KALAMAZOO, Mich. (WOOD) - A government sentencing memo released on Monday provides new details on the shooting that led to the death of Kalamazoo Public Safety Officer Eric Zapata in April.
Kim Robert Statler II pled guilty to being a felon in possession of a firearm in July. According to the sentencing memo, Statler was in possession of 13 firearms.
Kim's brother Leonard Statler was the man who shot and killed Zapata and then turned the gun on himself.
The sentencing memo provides a detailed description of the night that Zapata and Leonard Statler died and the events leading up to their deaths.
Court images referenced in the memo show that Kim Statler's residence that he shared with his father had several firearms. Statler's father had several unsecured long guns stored in his close and high-powered rifle ammunition in a chest of drawers next to the bed.
An upstairs storage room housed three more unsecured long guns and ammunition.
Statler's father left for Florida, leaving Statler in charge of the home even though he is a convicted felon. The firearms and ammunition were not secured, the memo said, and easily accessible by both Leonard Daniel Statler, Kim's brother, and Kim Statler's children.

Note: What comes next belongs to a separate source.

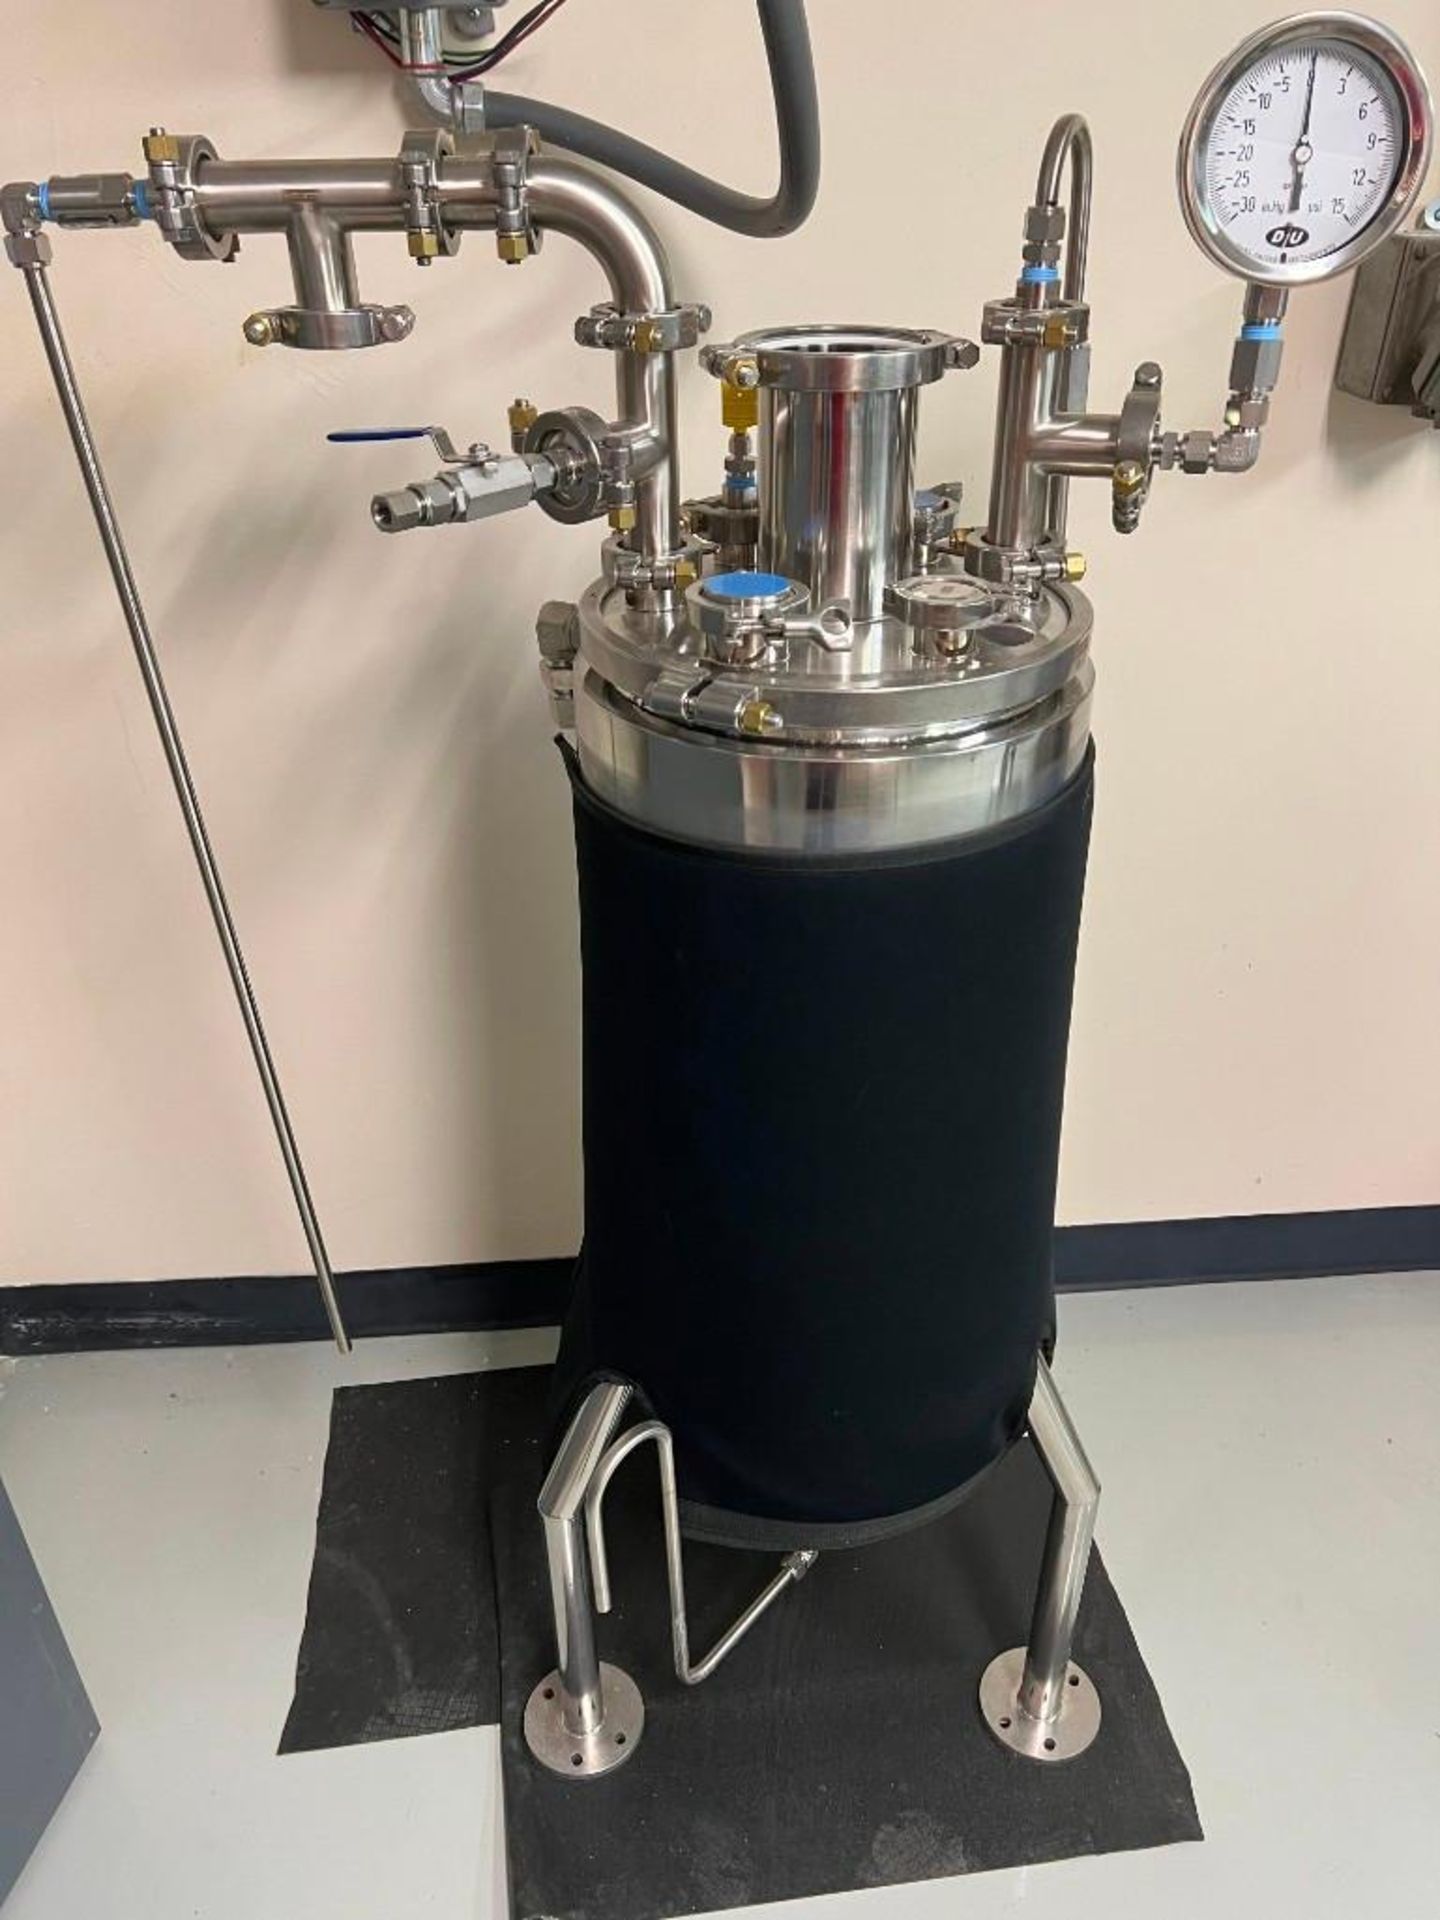 NEW TruSteel DR-10 Decarboxylation Agitated Jacketed Recovery Vessel, 304 Stainless Steel. - Image 2 of 45

Leonard Statler was also a convicted felon who was prohibited from possessing a firearm.
The .357 revolver and SKS assault rifle used by Leonard Statler in the shootout that left Officer Zapata dead belonged to his father and came from his father's residence.
"It is still unknown exactly when or how Leonard Statler obtained those firearms," said the memo.
The memo claims that Statler must claim partial responsibility for Zapata's death.
"While the defendant [Kim Statler] is not responsible for his brother's actions, he is responsible for what he himself did or failed to do," said the memo.
The government said that Kim Statler failed to remove the firearms from his home or secure them in any way. It also said Kim Statler knew that Leonard Statler was in possession of a firearm on the night of the shooting and failed to take any action.
"Combined with alcohol, this was a recipe for disaster," the memo said.
Kim and Leonard Statler and their half-brother Michael were drinking at the residence the night Zapata was shot and killed.
At some point in the evening, after having consumed alcohol, Leonard fired several shots from a handgun outside the house.
The memo said that a witnessed said those first shots were "fun" shots. The witness also said that Kim and Leonard Statler re-entered the house and joked about the cops arriving.
Officers were called to the scene in response to a report of shots fired.
The memo then describes in detail the events leading up to Officer Zapata's death:
"Officer Schipper saw Leonard Statler sitting on his front porch and started to approach Leonard.
"Leonard pulled a handgun from his waist and began shooting at the officer. The officer took cover behind a tree and returned fire, emptying his weapon. When Leonard had emptied his handgun. he picked up a rifle from his porch and began pursuing Officer Schipper on foot. Leonard apparently encountered Officer Eric Zapata, who was also responding to the report, in an alley behind the defendant's residence. Officer Zapata was shot and killed."
Kim Statler followed his brother into the alley.
"Leonard then turned the gun on himself, told Kim he loved him, and fatally shot himself."
After the shooting, officers found Kim Statler on his front porch, "distraught and agitated," according to the memo. He was drinking and was clearly intoxicated.
According to the memo, he told officers, "I'm a convicted felon and there are some rifles in my house and I know they shouldn't be there. I ain't going back to jail over them."
The defendant "described himself as a social drinker who usually consumes alcohol on the weekends," and "reported his past use of alcohol has never-been problematic" in a pre-sentence report, according to the sentencing memo.
But the government said that description is inaccurate.
The government cited several previous incidents as evidence that Statler has a problem with alcohol: Kim Statler was convicted on an open intoxicants charge in 2003. Also in 2003, he was arrested for felonious assault for a fight that occurred while he was intoxicated.
In 2005, he was arrested for domestic violence after assaulting his other brother Jeffery Statler. His blood alcohol content was .155.
In 2007, Statler was convicted of operating a vehicle while intoxicated. His BAC was .178.
The memo recommended that Statler's alcohol problem be taken into account during sentencing and that it should encourage or require him to seek substance abuse treatment.
The maximum penalty for that offense is 10 years in prison, a $250,000 fine, three years supervised release, and a $100 special assessment, according to the sentencing memo.
The government recommended that Kim Statler II serve at least the minimum 41-51 months required by sentencing guidelines for the crime.
The Associated Press reported that
defense Attorney Keith Turpel said in a Wednesday court filing that he believes that "because of the notorious and heinous nature at what befell Officer Zapata -- the first Kalamazoo police fatality in a century? -- there was sentiment to make someone pay."
There is no evidence that Statler fired a weapon or handed a gun to his brother, Turpel said.
"He has convictions for delivery of marijuana ... and drunk driving. He would not qualify as a career criminal. Frankly, he does not seem to fit the profile of a menace to society," the attorney said, according to the AP.
Kim Statler's sentencing is scheduled for Nov. 28.